Harvesters are great but they are not necessary to do a safe, neat, and
professional logging job, nor are they appropriate to every job. The conduct
you describe and the fact that you mentioned alcohol and macho behavior are
strong evidence that the crew you hired, however experienced, is not competent
and has no business logging. Logging will always be dangerous work regardless
of the equipment used, but there's no excuse for adding to the danger through
amateurish and foolish practices.

A professional logging company will employ loggers who work as safely as
possible, equip them with the right tools, and ensure they are properly
trained in correct procedures and the use of those tools. Those things cost
money, and the low barriers to entry and limited employment opportunities in
many forested areas mean there is always plenty of cheap competition.
Landowners don't have much incentive to seek out more safety-conscious logging
companies.
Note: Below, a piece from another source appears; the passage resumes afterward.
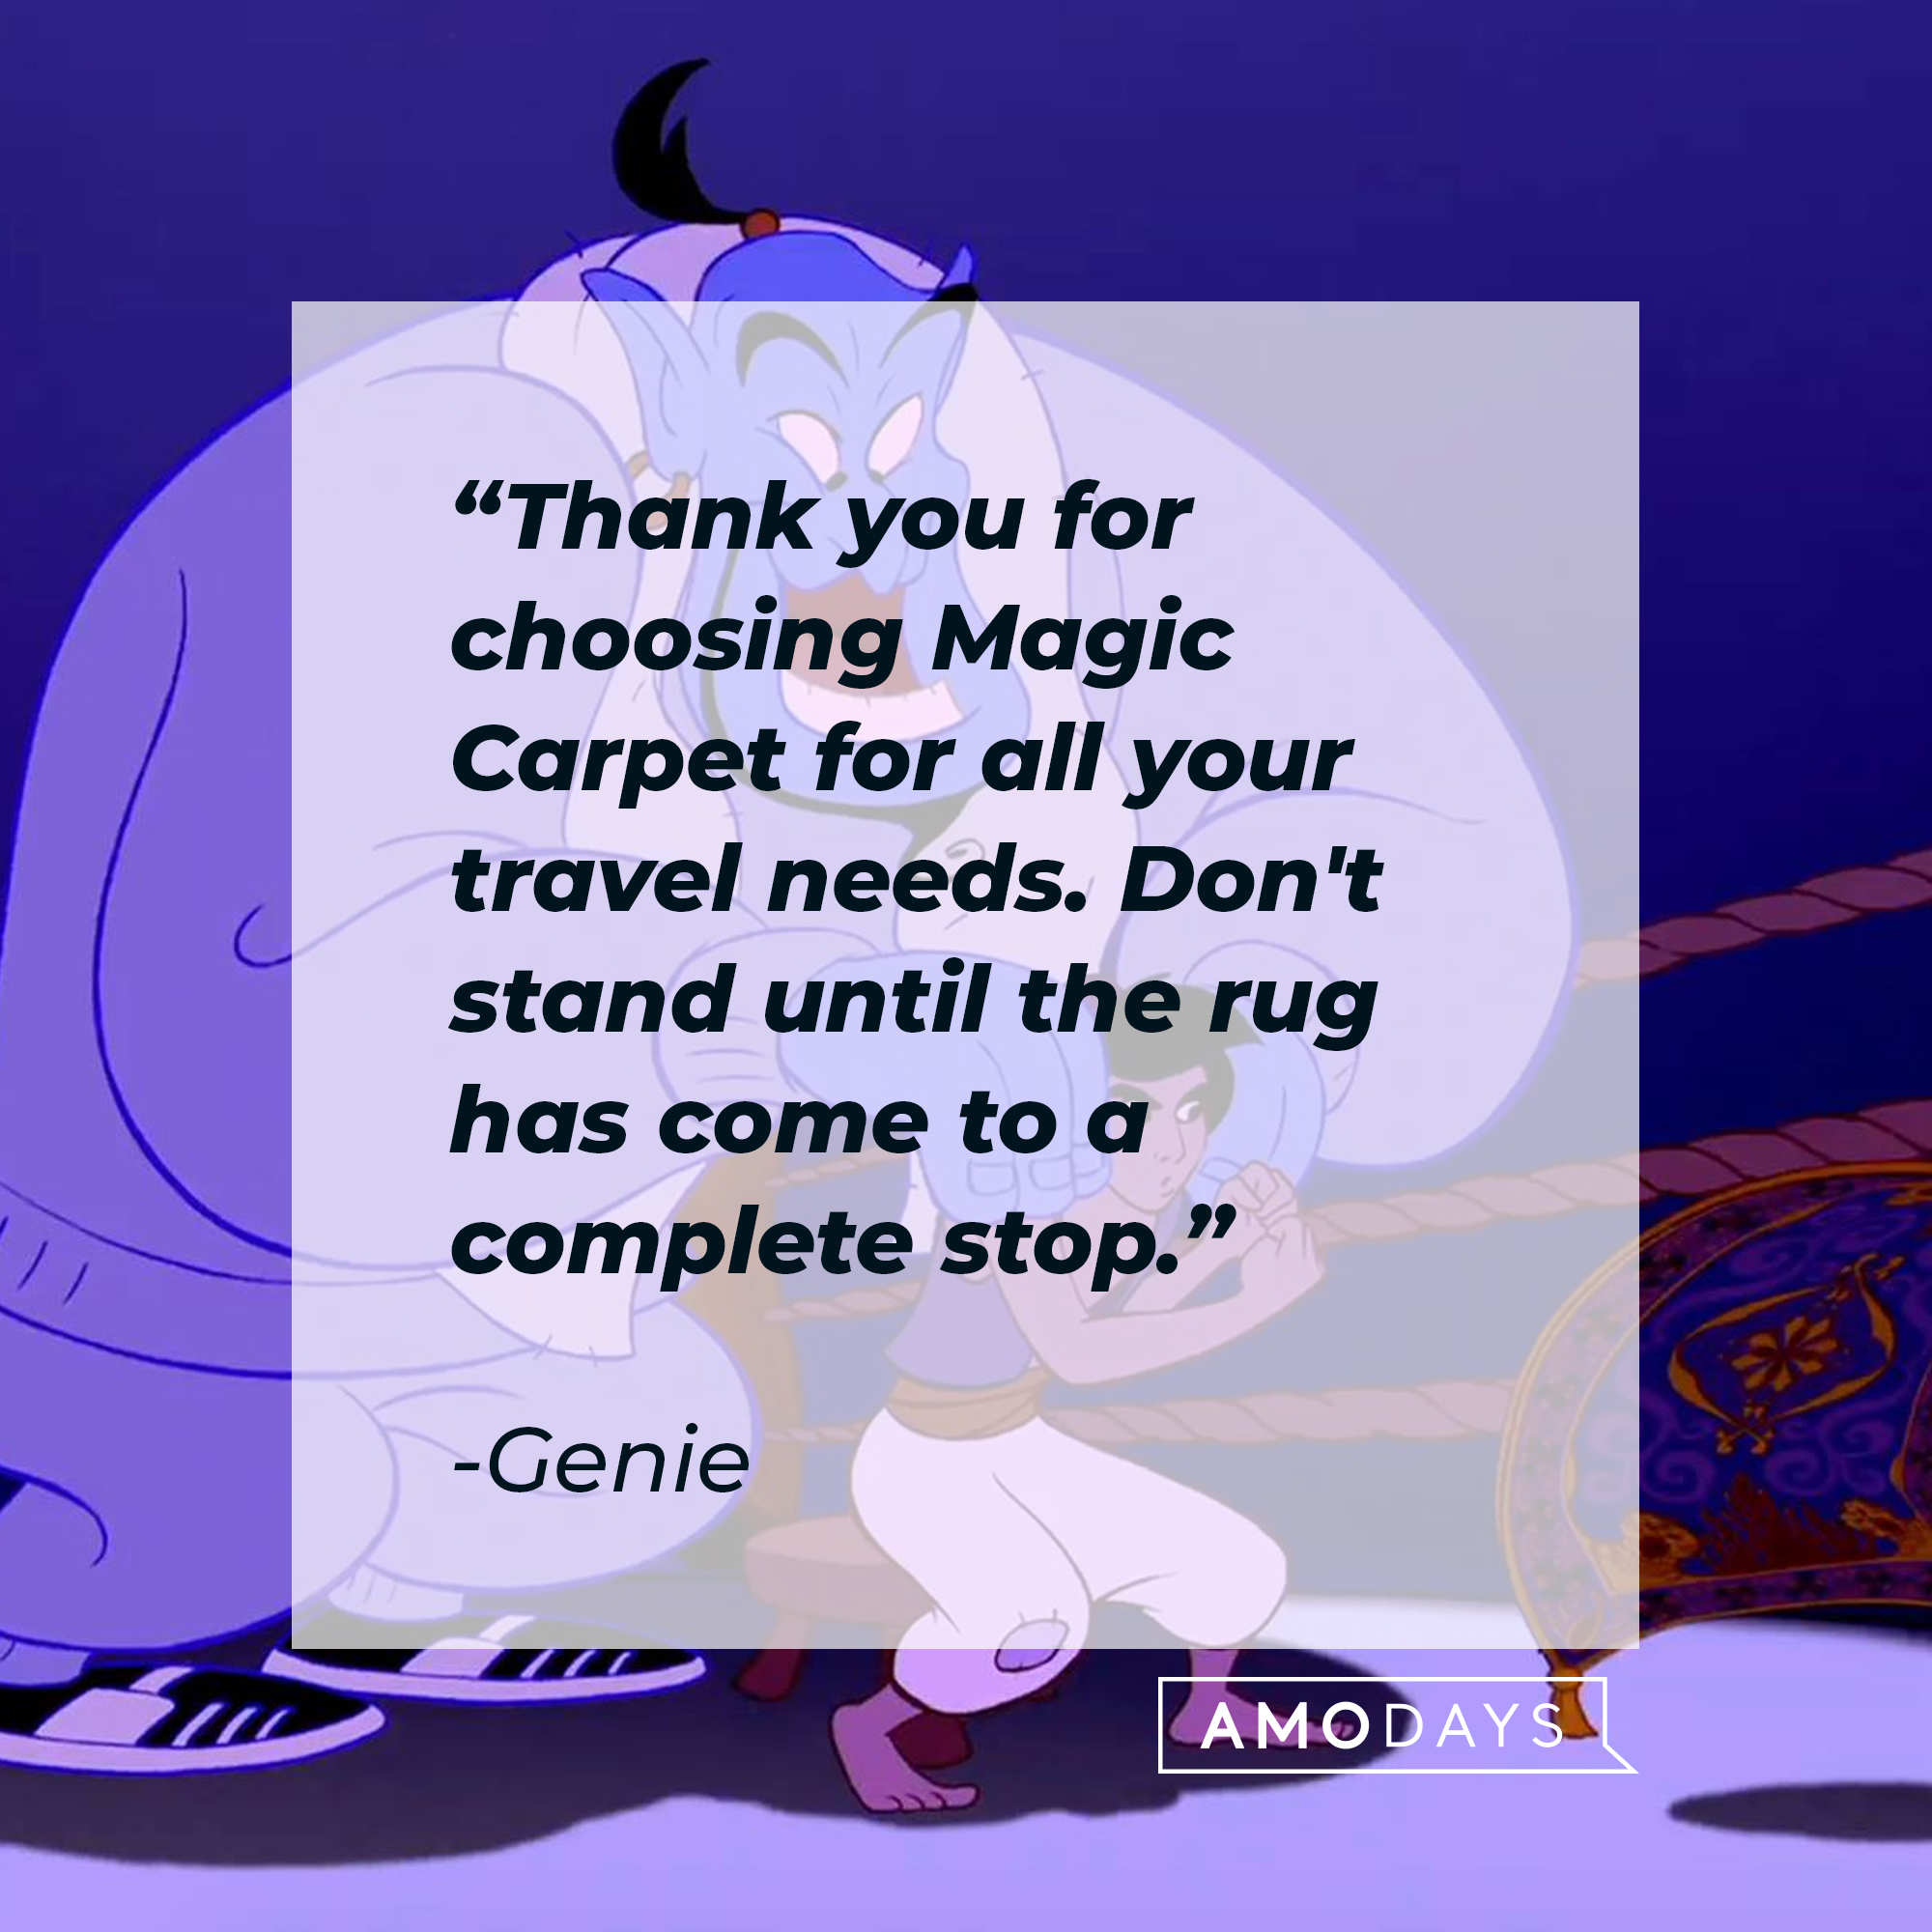 The animated Genie with his quote: "Thank you for choosing Magic Carpet for all your travel needs. Don't stand until the rug has come to a complete stop.” | Source: Facebook.com/DisneyAladdin
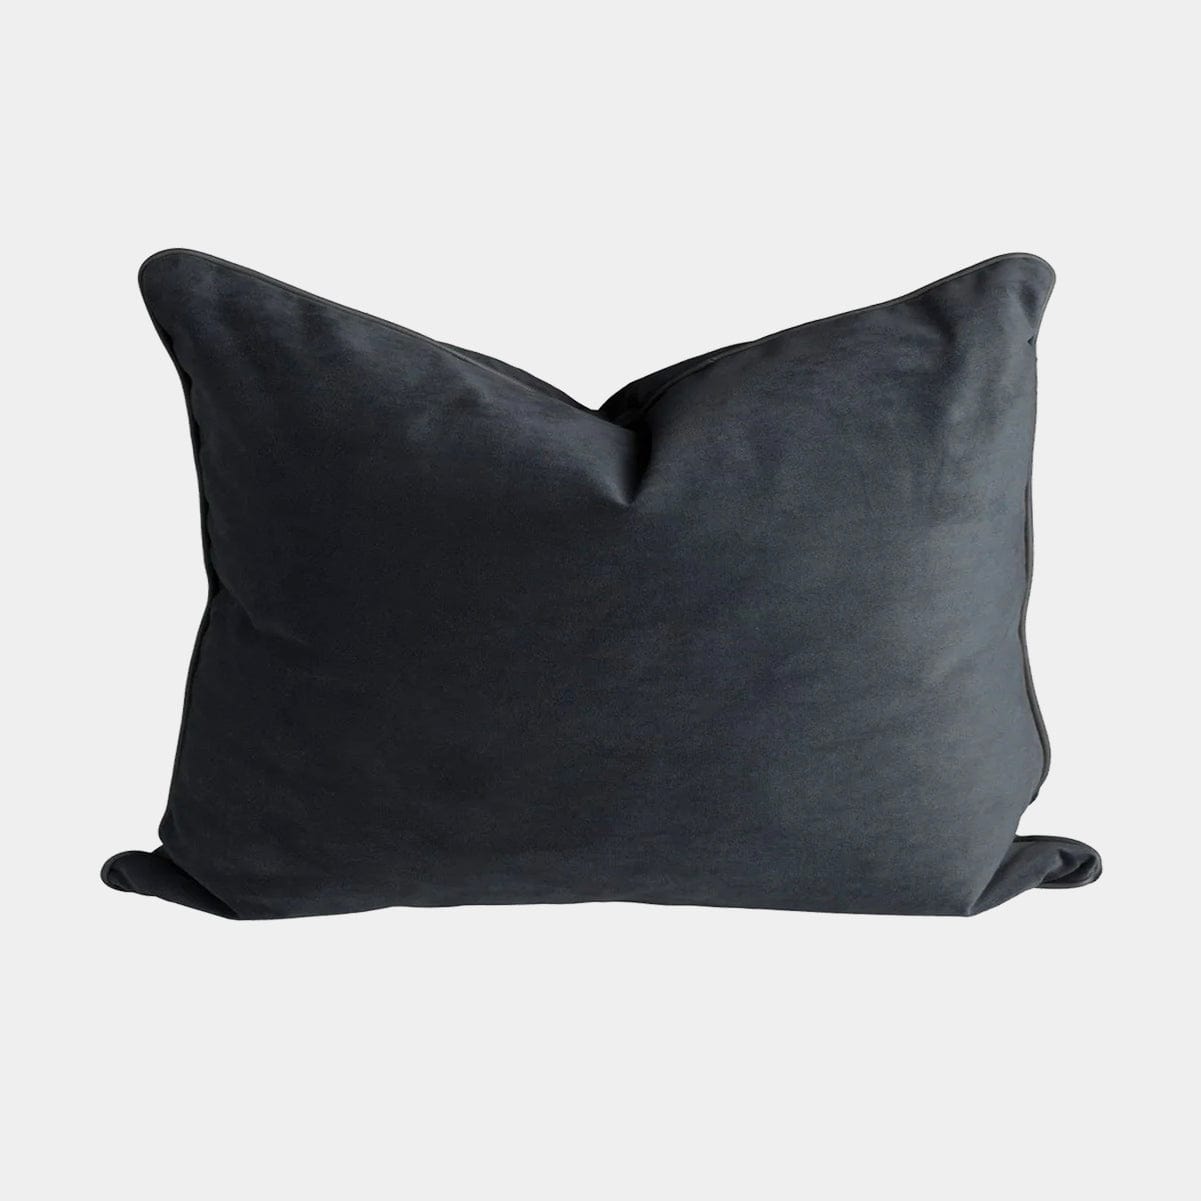 norsuHOME Cushions norsuHOME Cushion, Charcoal Velvet with Charcoal Leather Piping (10423697219)

Even if a landowner has a bad experience with one company, it is
usually many years before they hire loggers again, making it difficult to
punish a sloppy or unsafe company by taking the business elsewhere. So
accidents tend to put a small-scale, unprofessional logger out of business
before the market does, and that's a significant contributor to the accident
rate.

------
harkyns_castle
I'm rooting for the trees. Here in Tasmania we're seeing some ancient trees
being turned into woodchips because it makes short-term sense for greedy
politicians and people with an IQ thinner than said trees. "What will I do
when I can't hack trees down?! Oh no!"

------
kozak
So, being a taxi driver is almost twice more dangerous than being a police
officer?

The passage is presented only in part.